Speaking of folders, have you seen the new icons for the folders?  I really don’t like them, as they are very hard to identify at a glance due to their 2 color scheme (instead of the very colorful icons from Tiger): 

Here’s a list view from a finder window:

Picture 1

and another one:

Picture 3

On this one, note the inconsistency  between the icons under the "Places" sidebar on the left, and the same folders in the list on the right.  It is rare (in my experience) to see Apple vary their look and feel for the same destination in this manner. 

For comparison, here is how these icons look in Tiger:

Picture 2

I think the colors really help.

There is not much else that I have really examined in the system – I did set up parental controls, and there seemed to be a problem with it.  I set up simple finder for one of my children, then specified a list of about a dozen or so apps that the user could launch.  I then logged in as that user, and found only about 3 of the apps actually enabled – I went back into the settings in my account for the parental controls for the user, and re-enabled access to all the apps again.  Now it shows 7 or so of the apps available, but not all of them.  I have not had time yet to figure out why.  Also, I’ve set time limits such that both my kids accounts cannot log in between 8 pm (bedtime) and 7 am.  However, when they are logged out for the day, on the login screen it says that one of them can log back in at 7 am the next day (as it should) and the other says it can log in at 12 midnight.  Odd, that.
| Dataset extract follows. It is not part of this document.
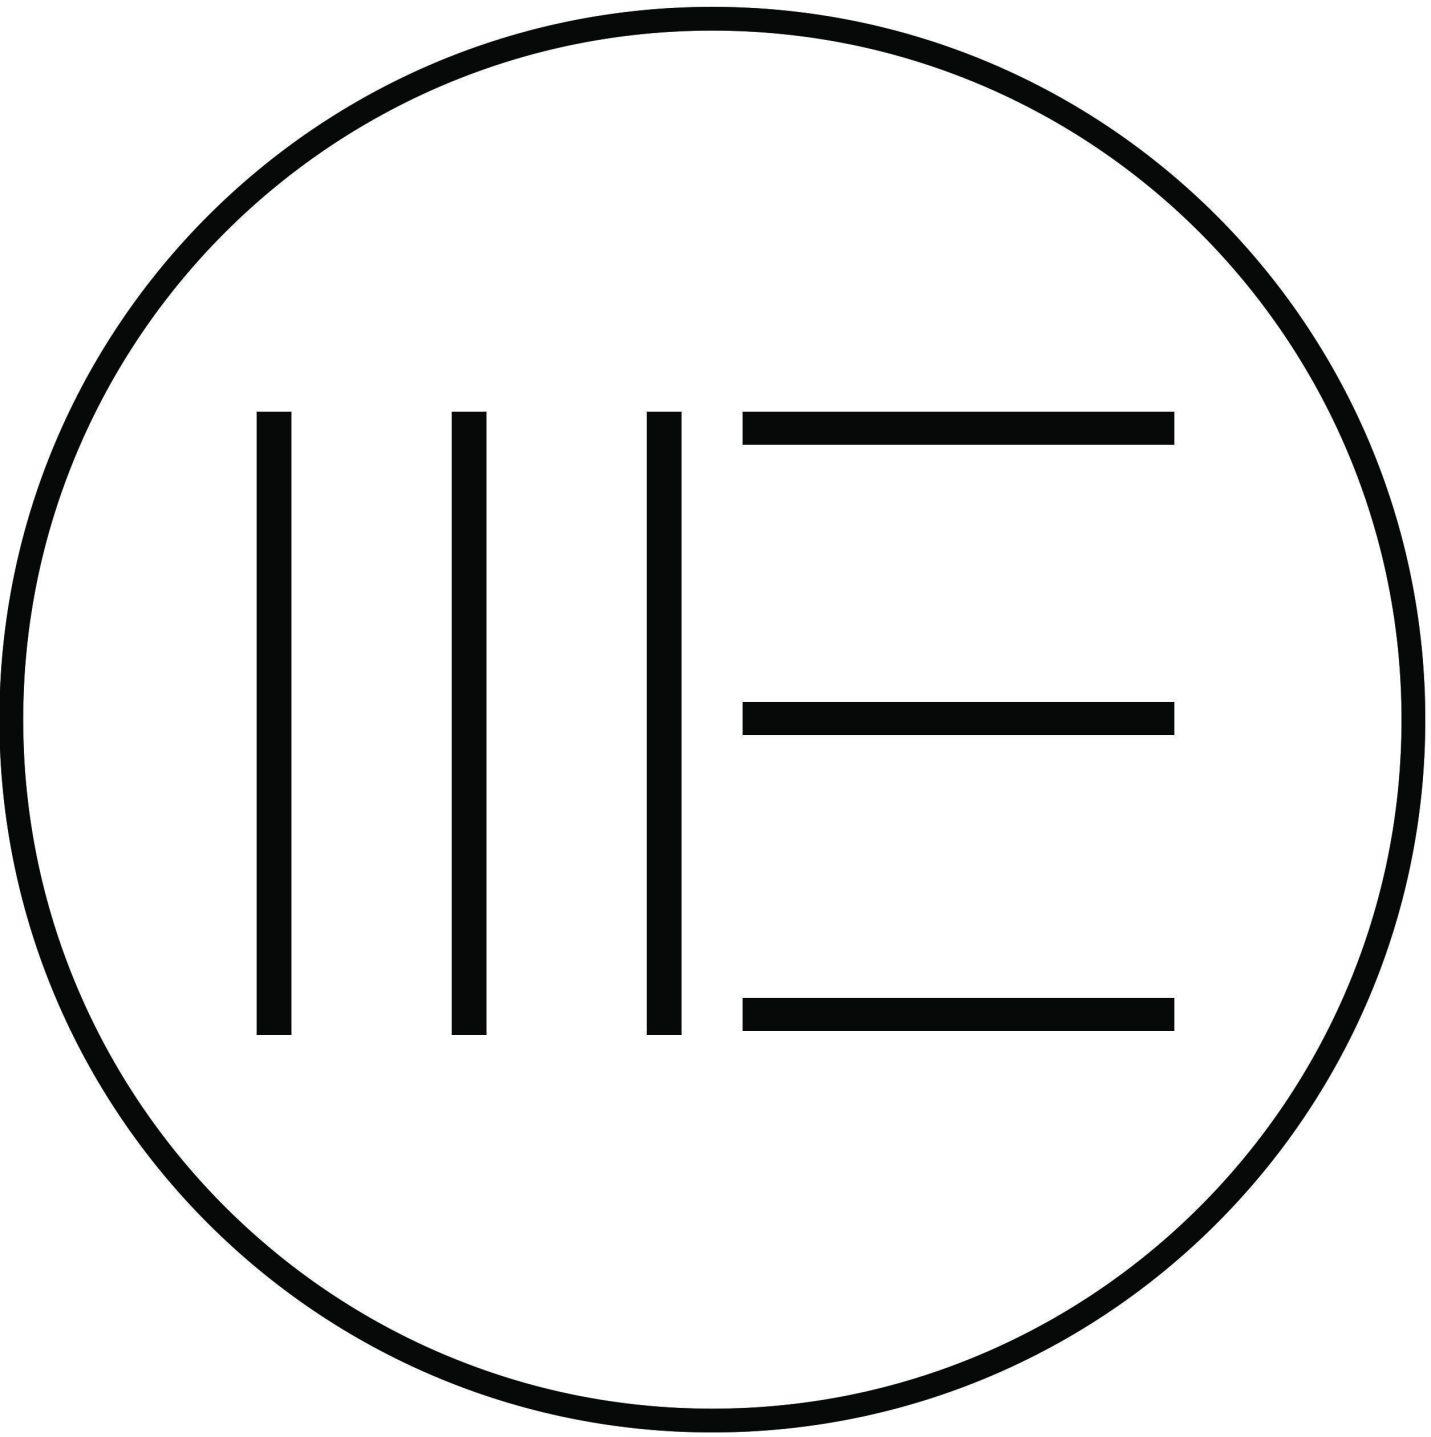 designmestudio-logo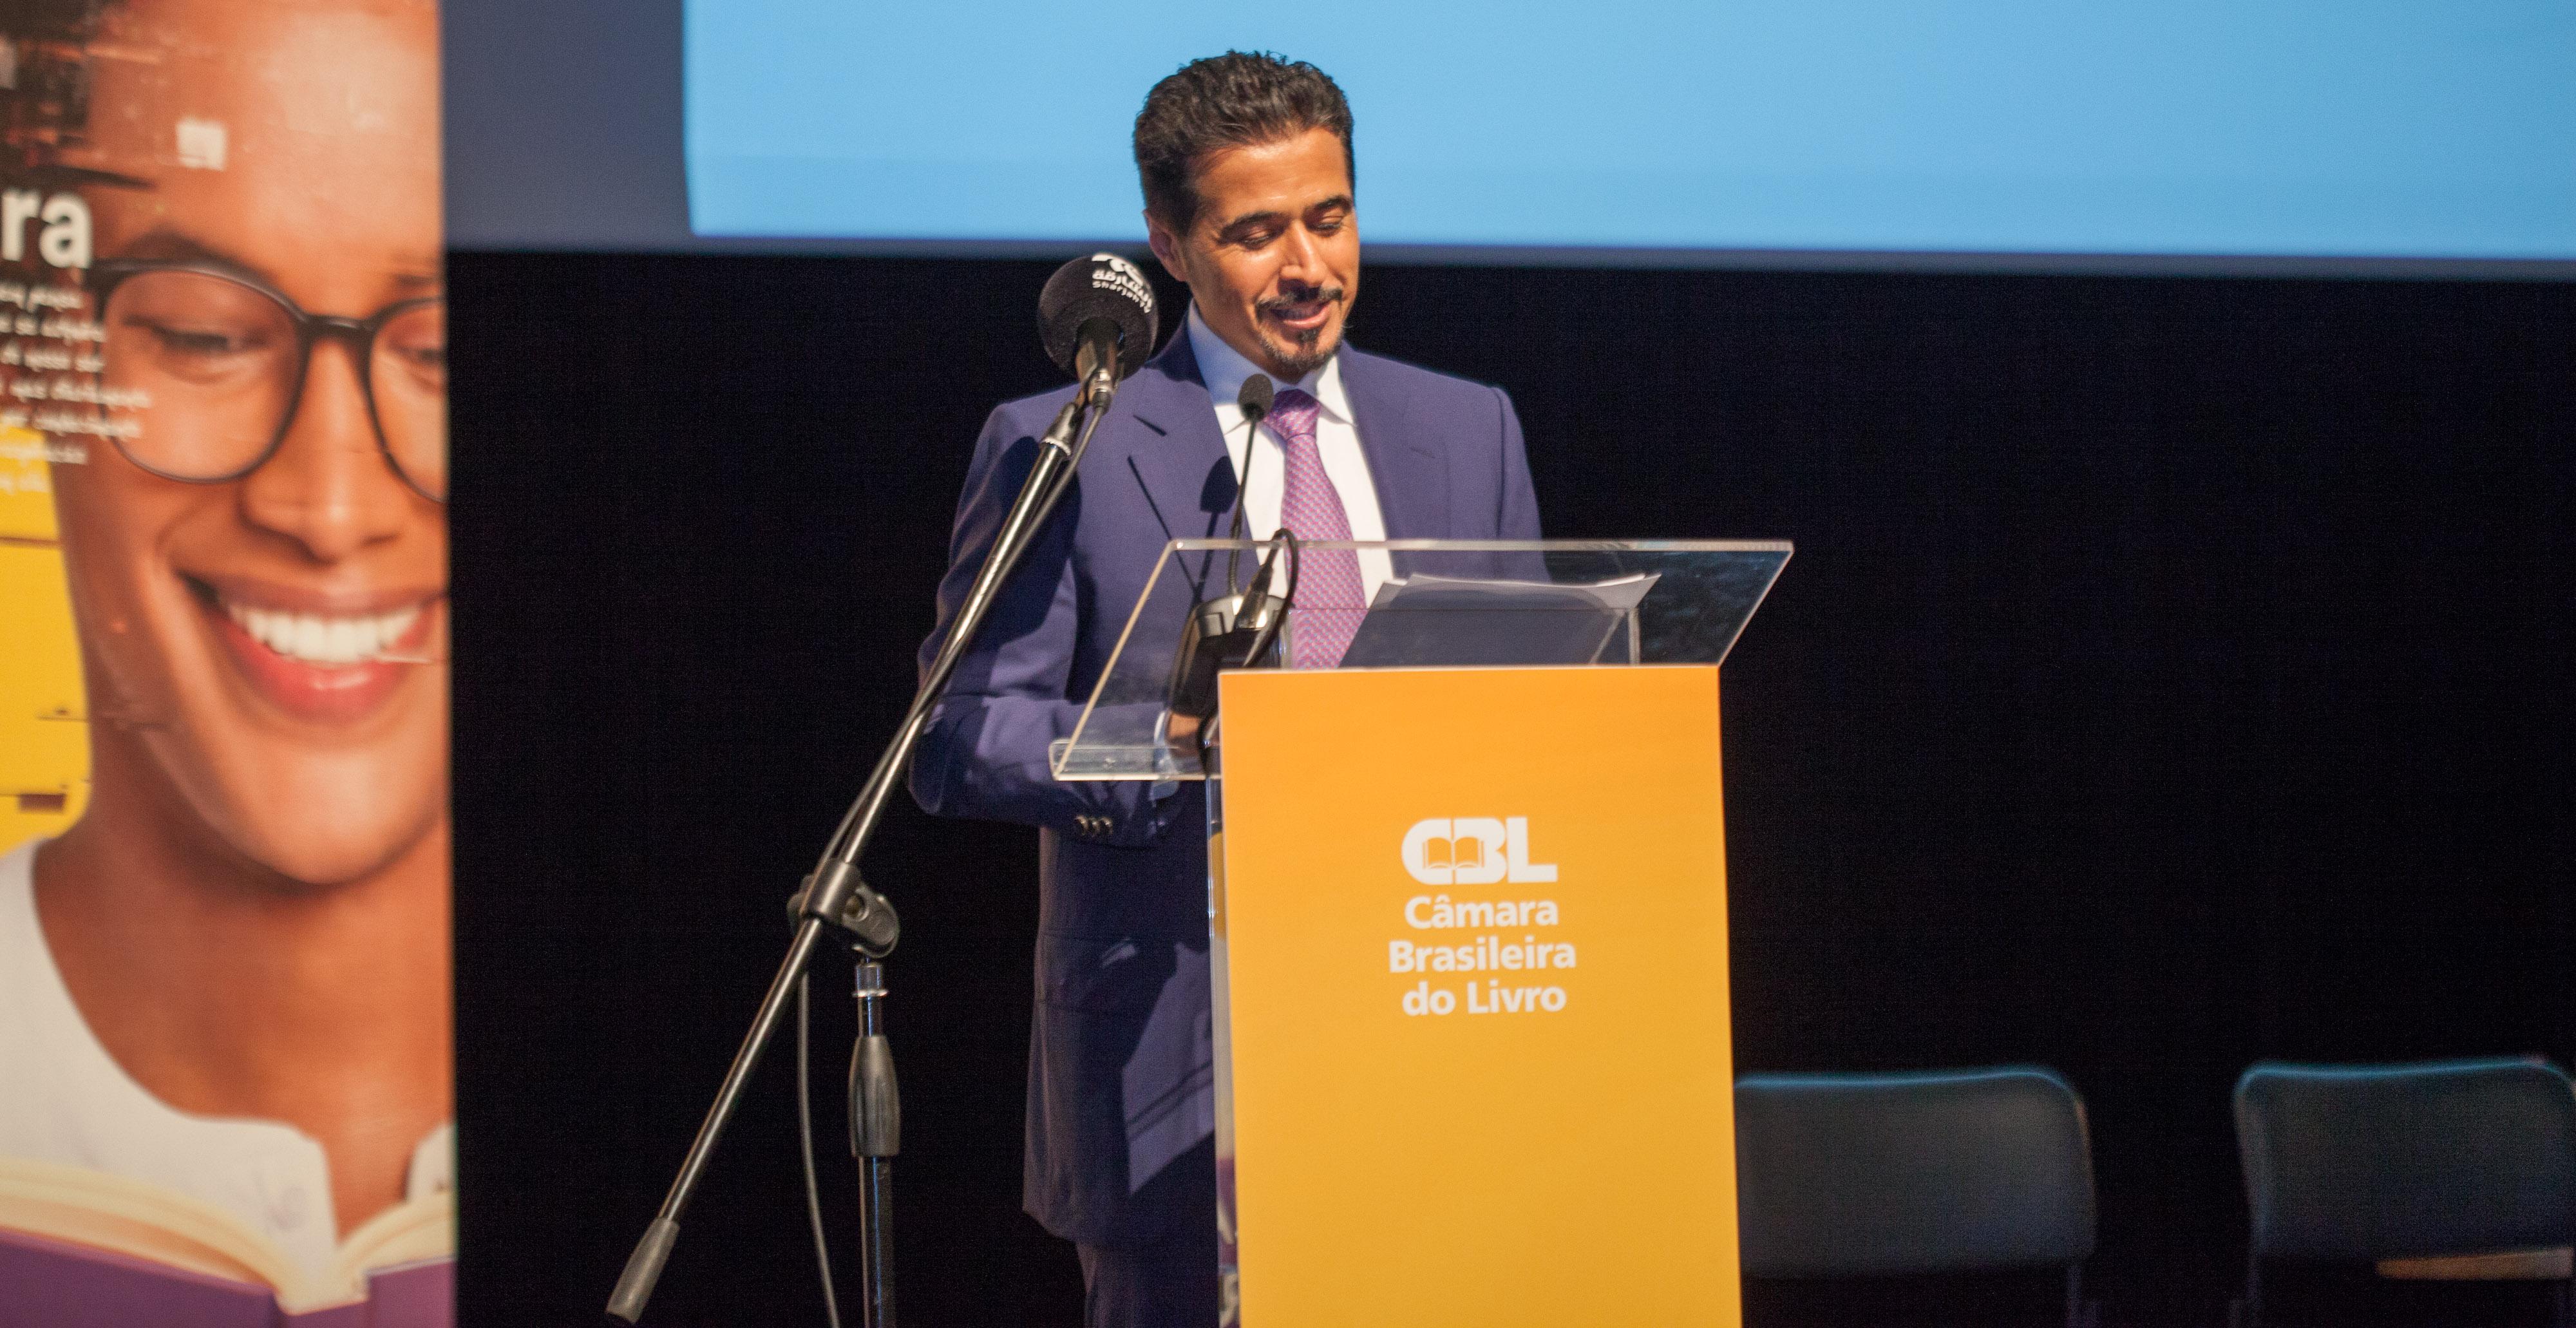 Representante de Sharjah espera ampliar relações com o Brasil durante a Bienal do Livro de São Paulo

Also, in SystemPreferences, be prepared for a bit of a jolt in trying to find stuff – in particular, network settings looks a lot different, and I have not yet found the firewall settings (though I admit I have not really tried, either….it used to be under the sharing tab, but appears to have headed off for sunnier climes – I’ll have to find it another day).

So, that’s about it for me on this lame review.  Bottom line:  I don’t think I like the look and feel all that much.  Stacks are cool.  Where did my firewall go?

UPDATE:  Hans wrote in with a comment showing me where the firewall disappeared.  Thanks!